Stored data
======

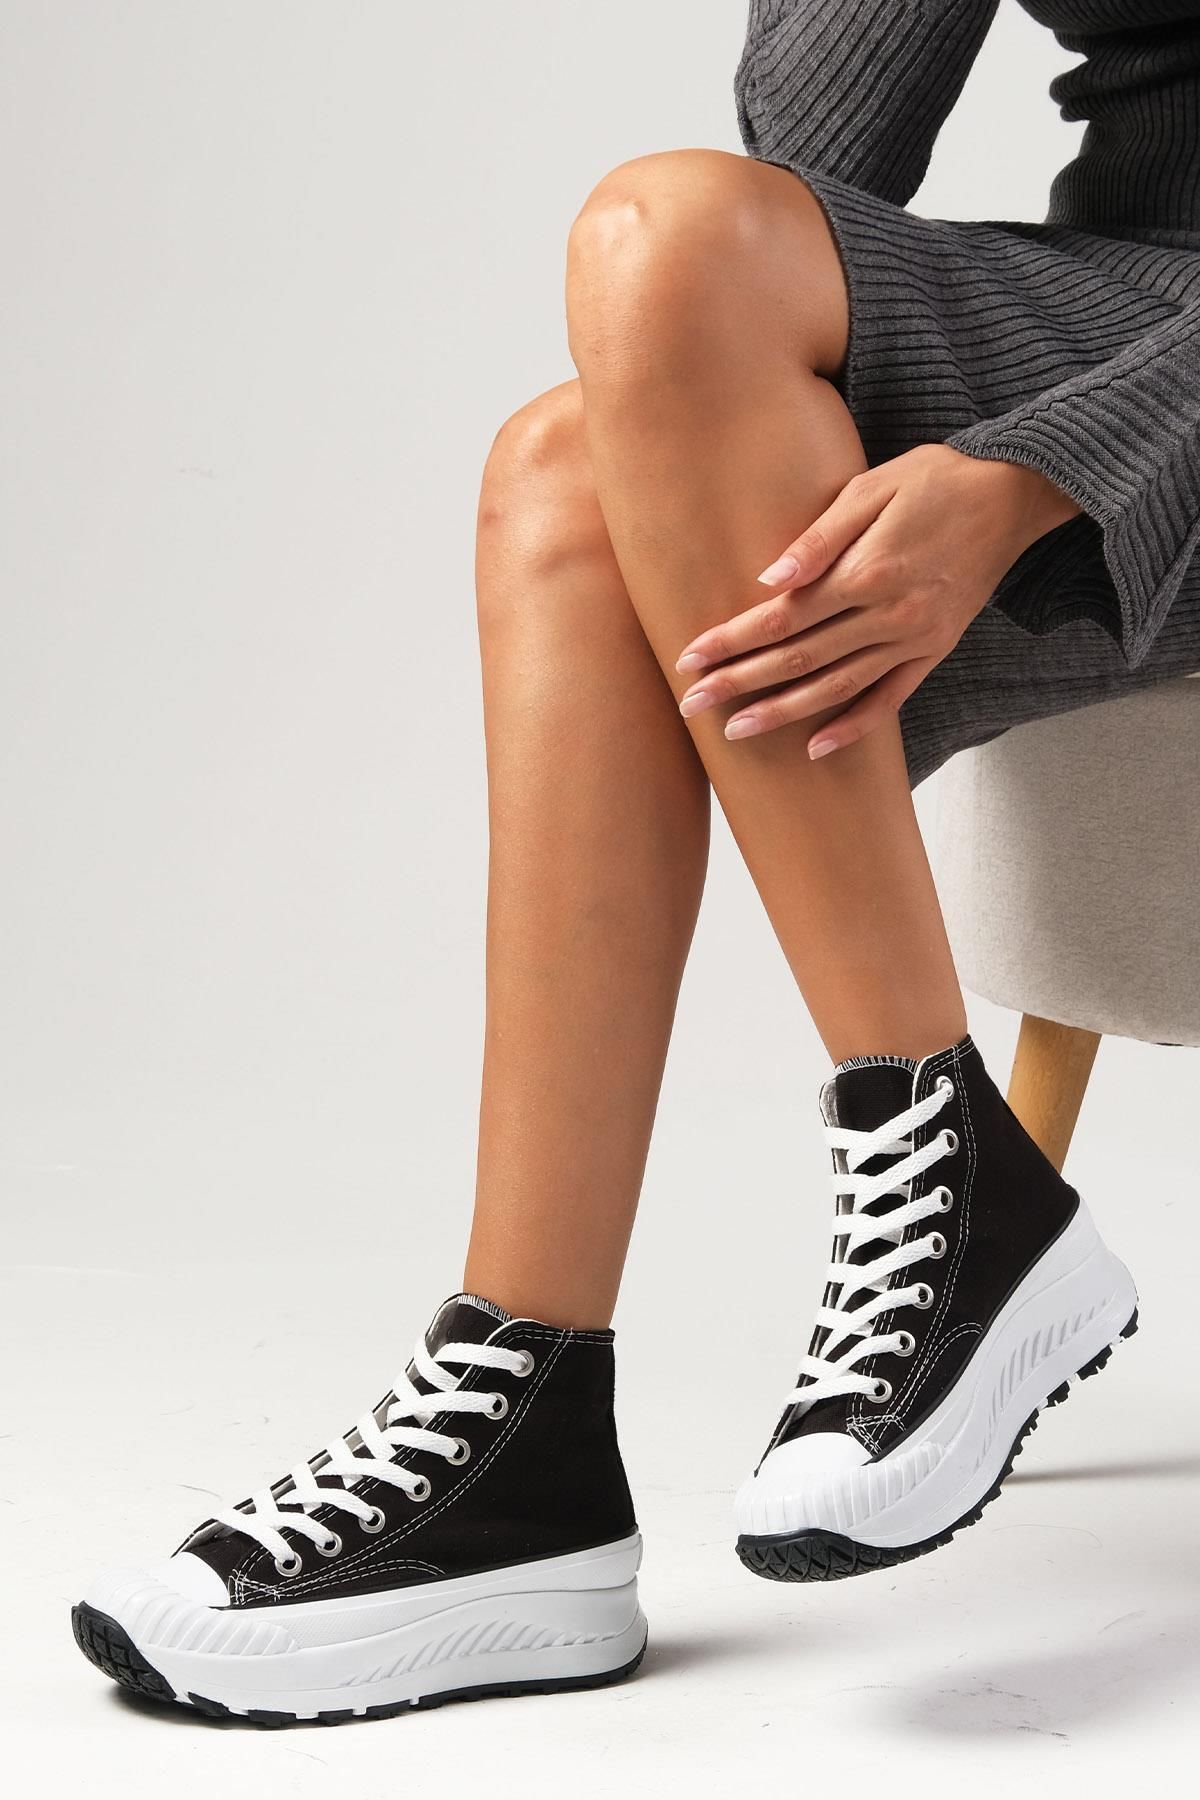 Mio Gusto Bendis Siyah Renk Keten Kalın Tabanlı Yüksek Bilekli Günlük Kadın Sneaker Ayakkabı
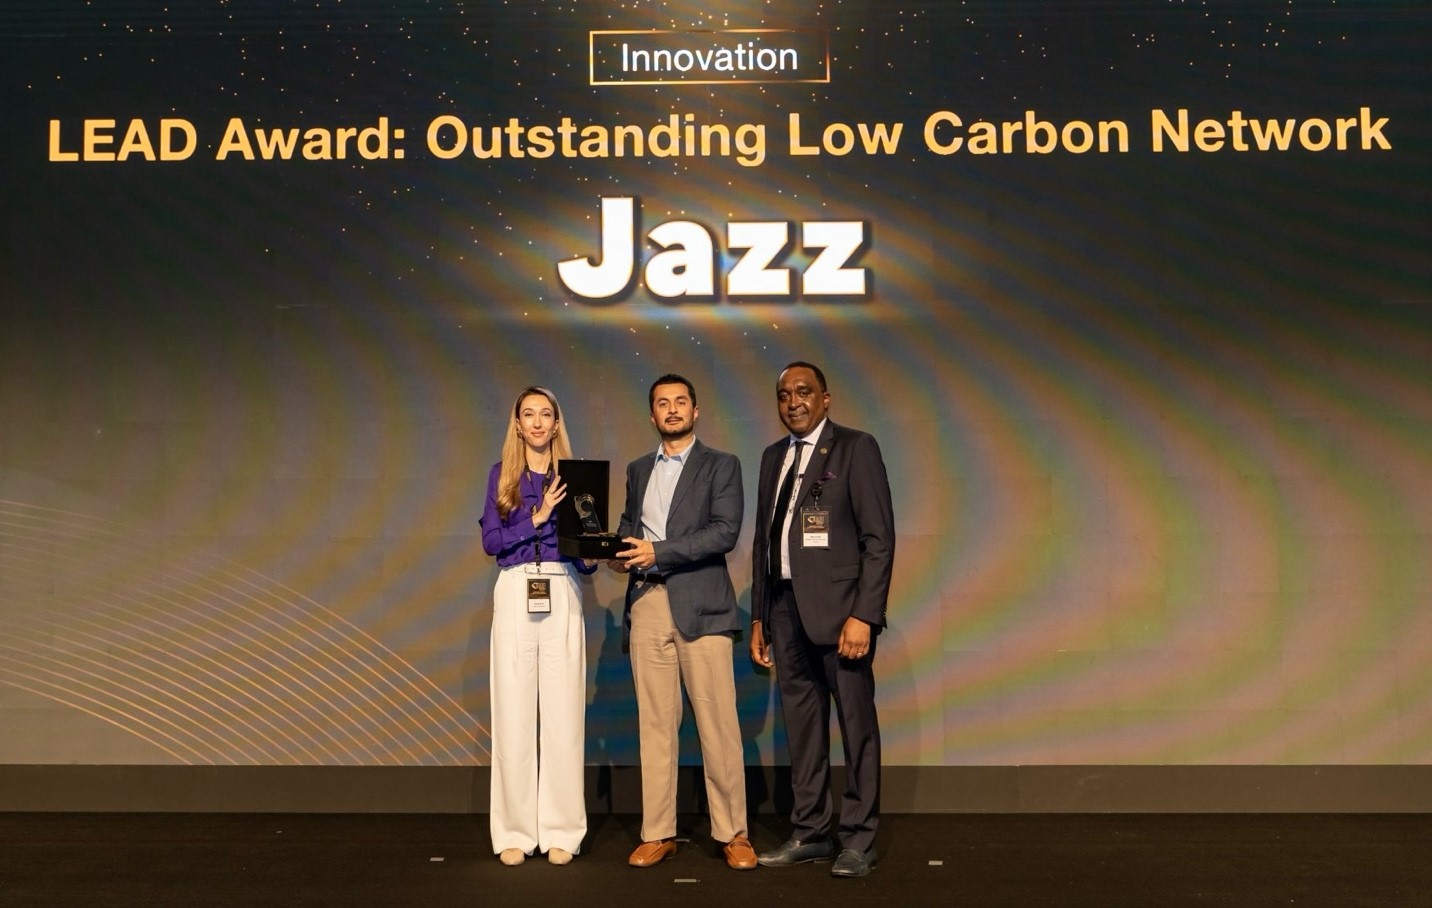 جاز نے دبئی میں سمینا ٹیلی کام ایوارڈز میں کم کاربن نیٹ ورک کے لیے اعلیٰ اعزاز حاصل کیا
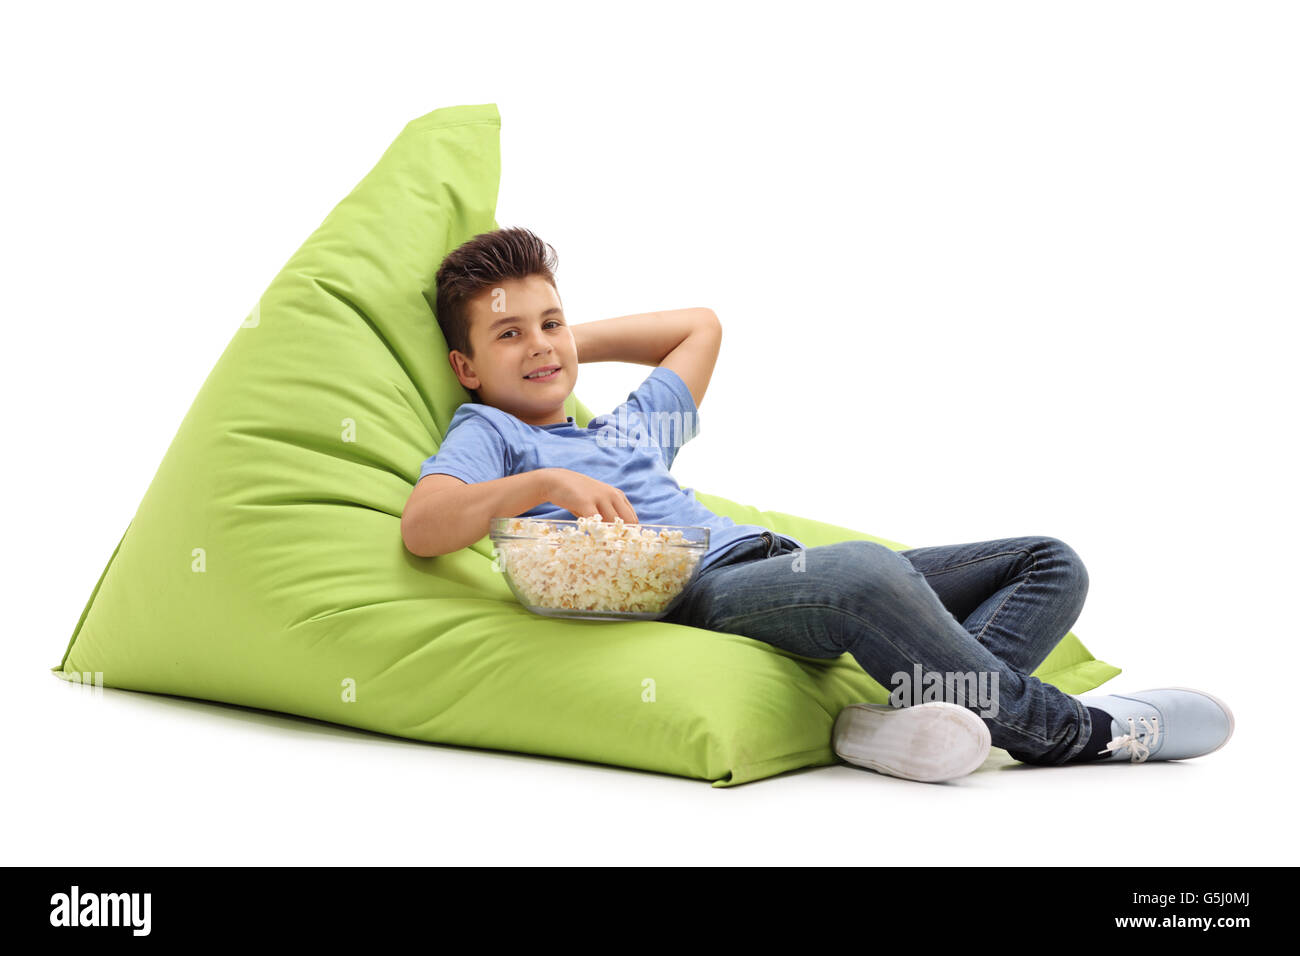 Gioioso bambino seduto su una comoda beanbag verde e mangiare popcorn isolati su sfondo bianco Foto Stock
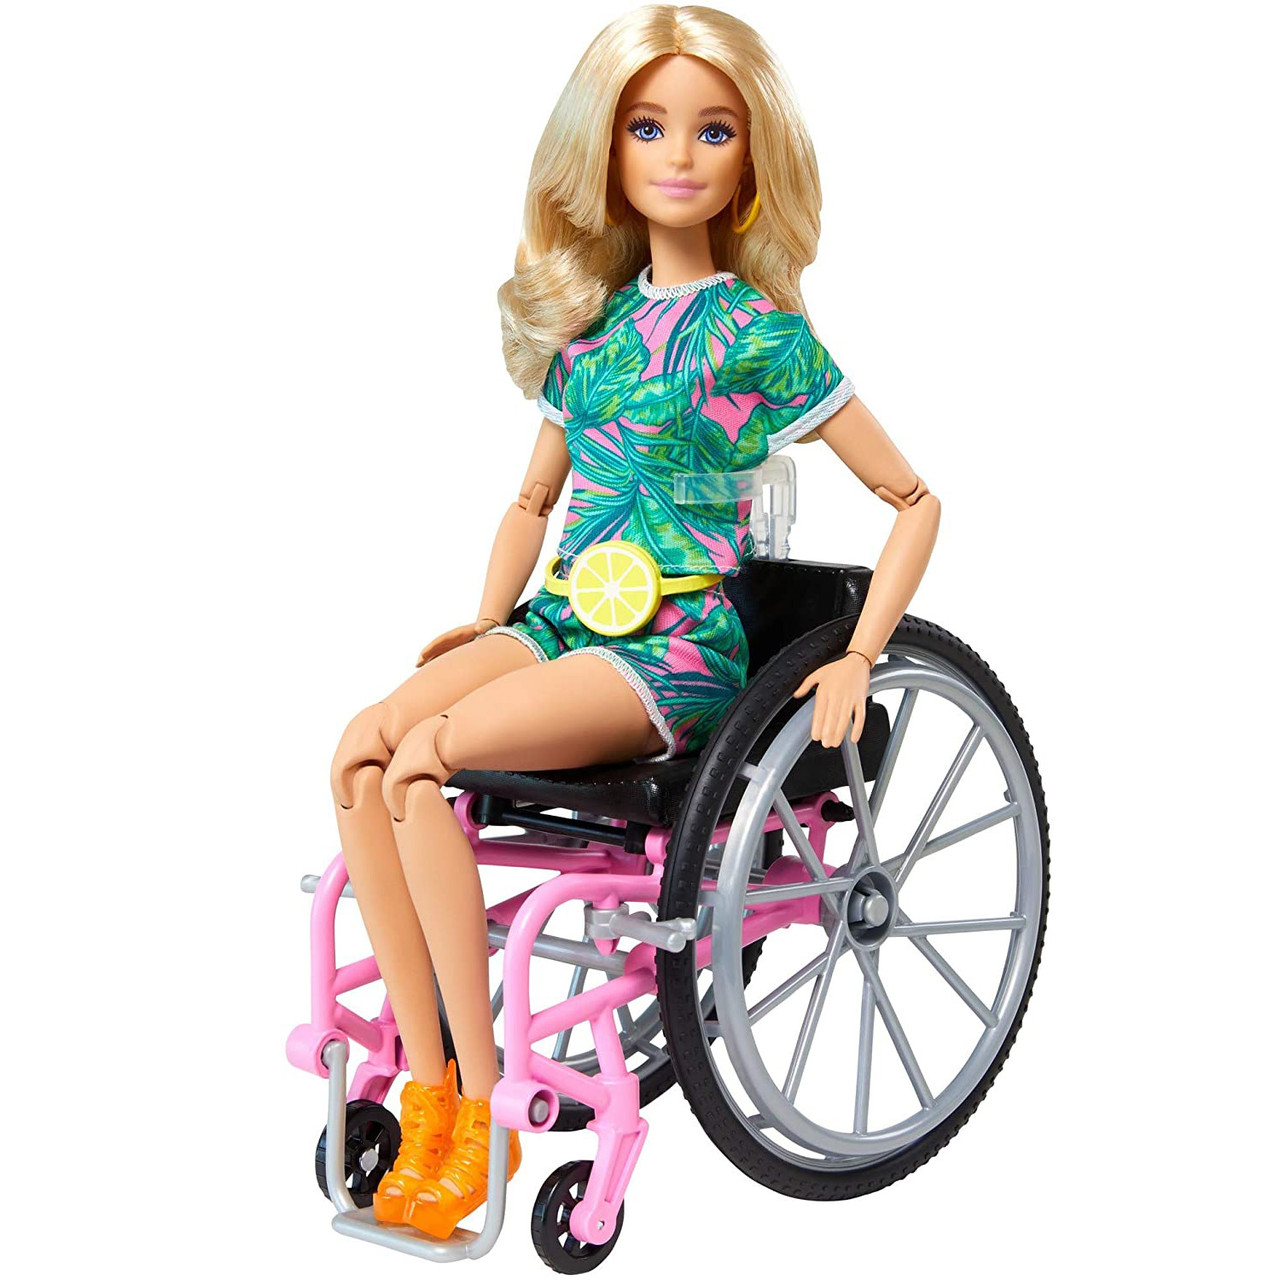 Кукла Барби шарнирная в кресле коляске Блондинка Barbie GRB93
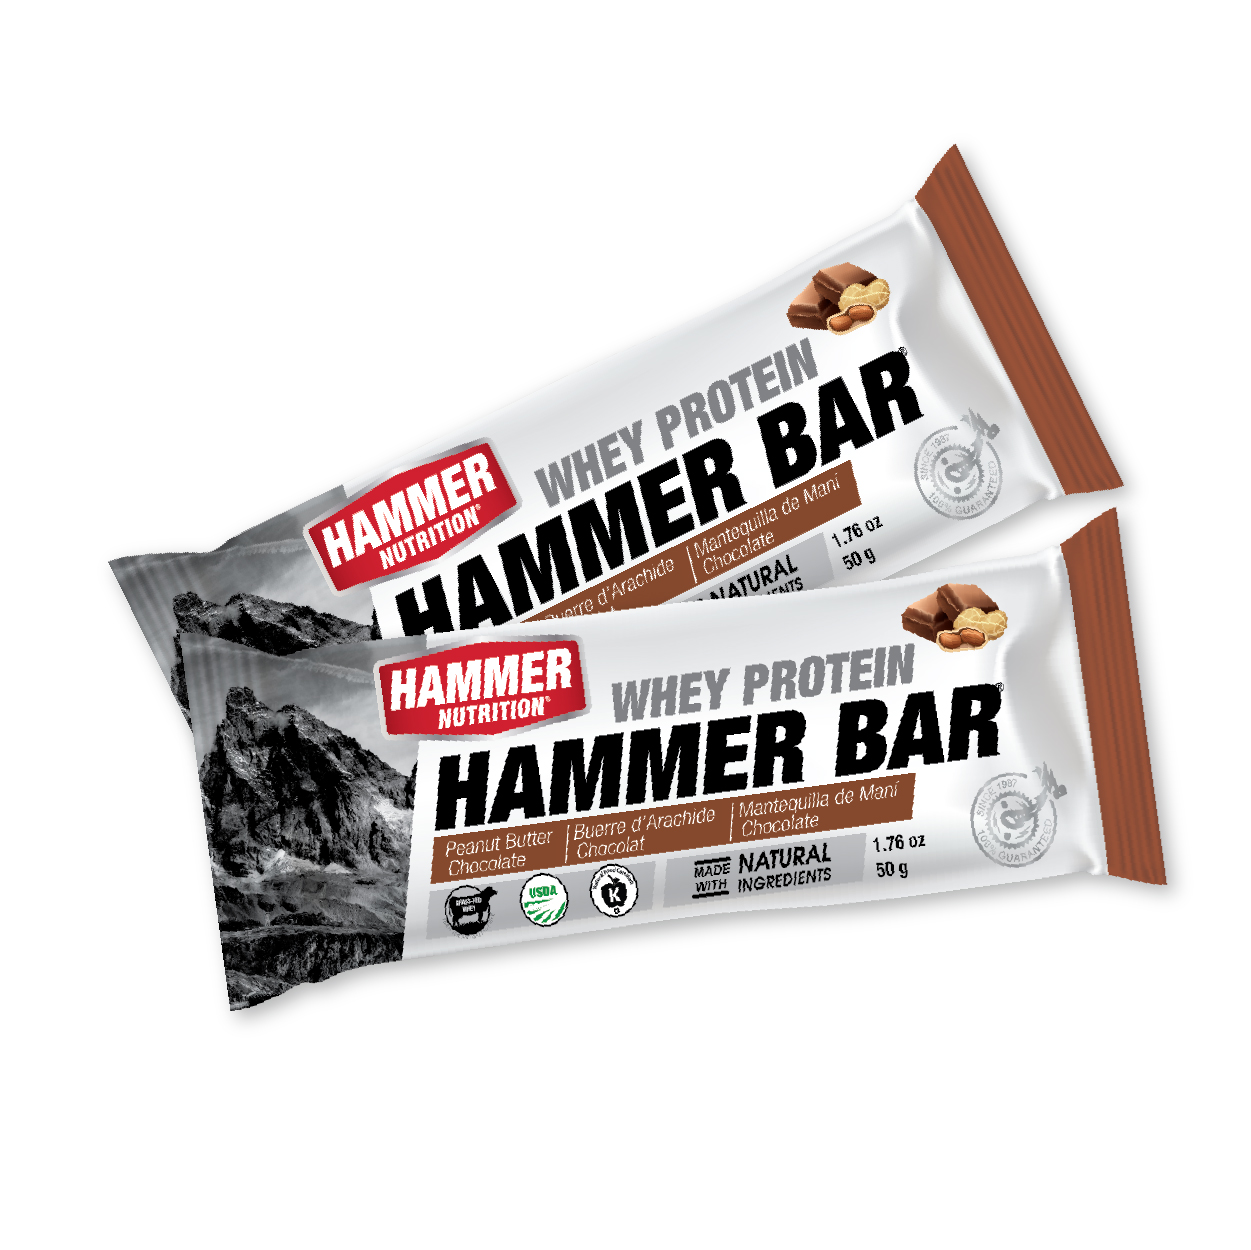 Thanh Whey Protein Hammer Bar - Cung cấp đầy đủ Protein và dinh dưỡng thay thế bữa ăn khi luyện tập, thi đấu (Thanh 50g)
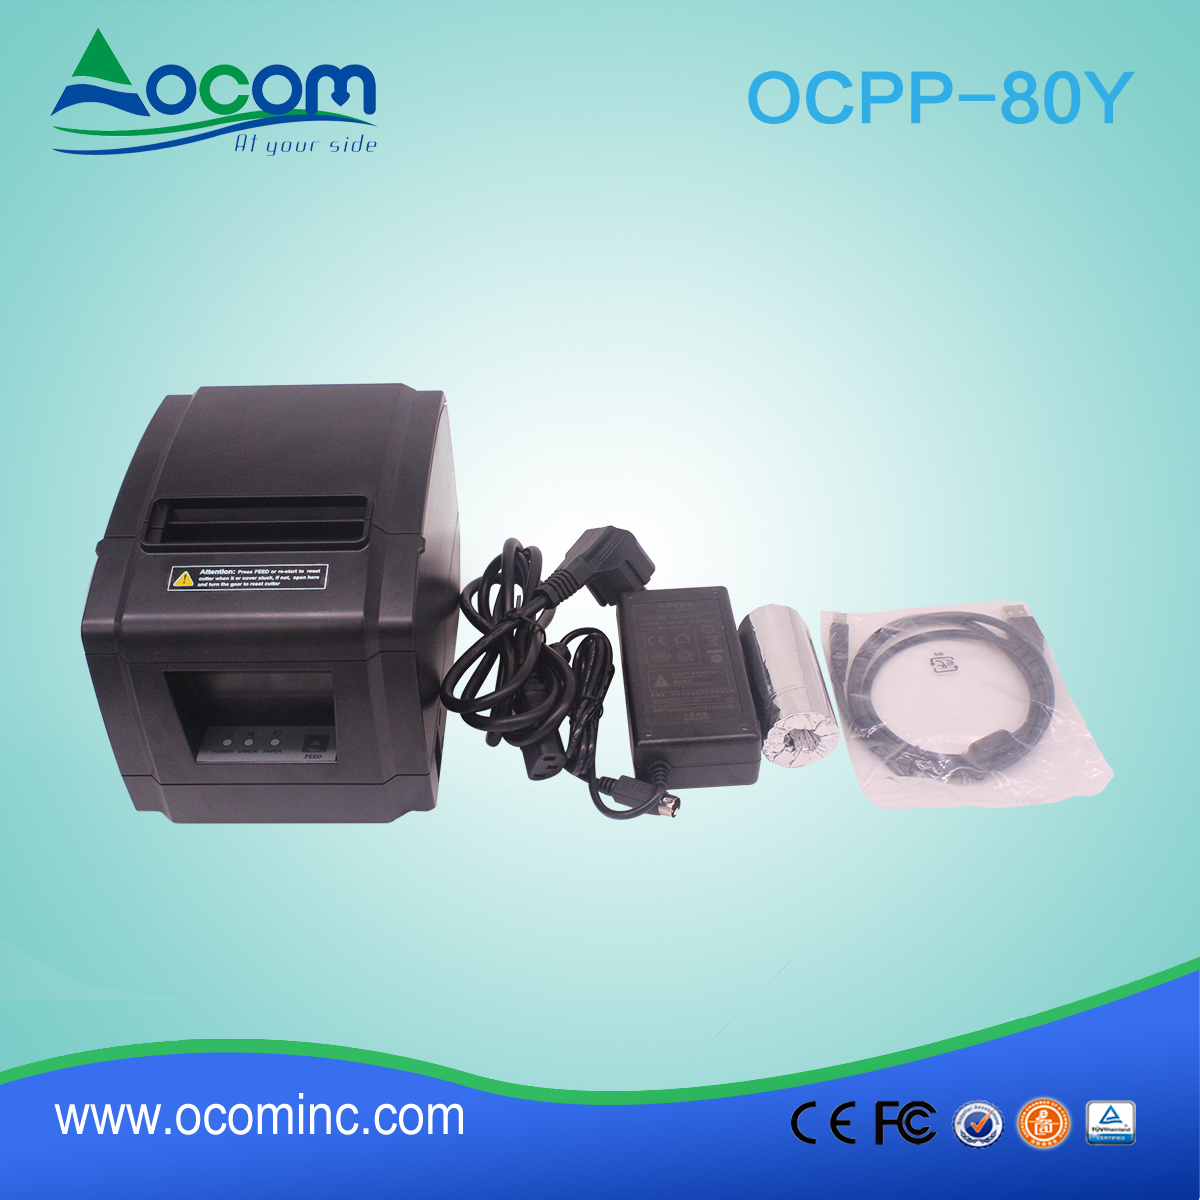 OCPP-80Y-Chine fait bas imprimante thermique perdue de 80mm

======

• [Task statement]: Exactly as they stand, set down all of the entries above, minus every picture.

• [Written response]:
 Mio Gusto Bendis Siyah Renk Keten Kalın Tabanlı Yüksek Bilekli Günlük Kadın Sneaker Ayakkabı
 جاز نے دبئی میں سمینا ٹیلی کام ایوارڈز میں کم کاربن نیٹ ورک کے لیے اعلیٰ اعزاز حاصل کیا
 Gioioso bambino seduto su una comoda beanbag verde e mangiare popcorn isolati su sfondo bianco Foto Stock
 Кукла Барби шарнирная в кресле коляске Блондинка Barbie GRB93
 Thanh Whey Protein Hammer Bar - Cung cấp đầy đủ Protein và dinh dưỡng thay thế bữa ăn khi luyện tập, thi đấu (Thanh 50g)
 OCPP-80Y-Chine fait bas imprimante thermique perdue de 80mm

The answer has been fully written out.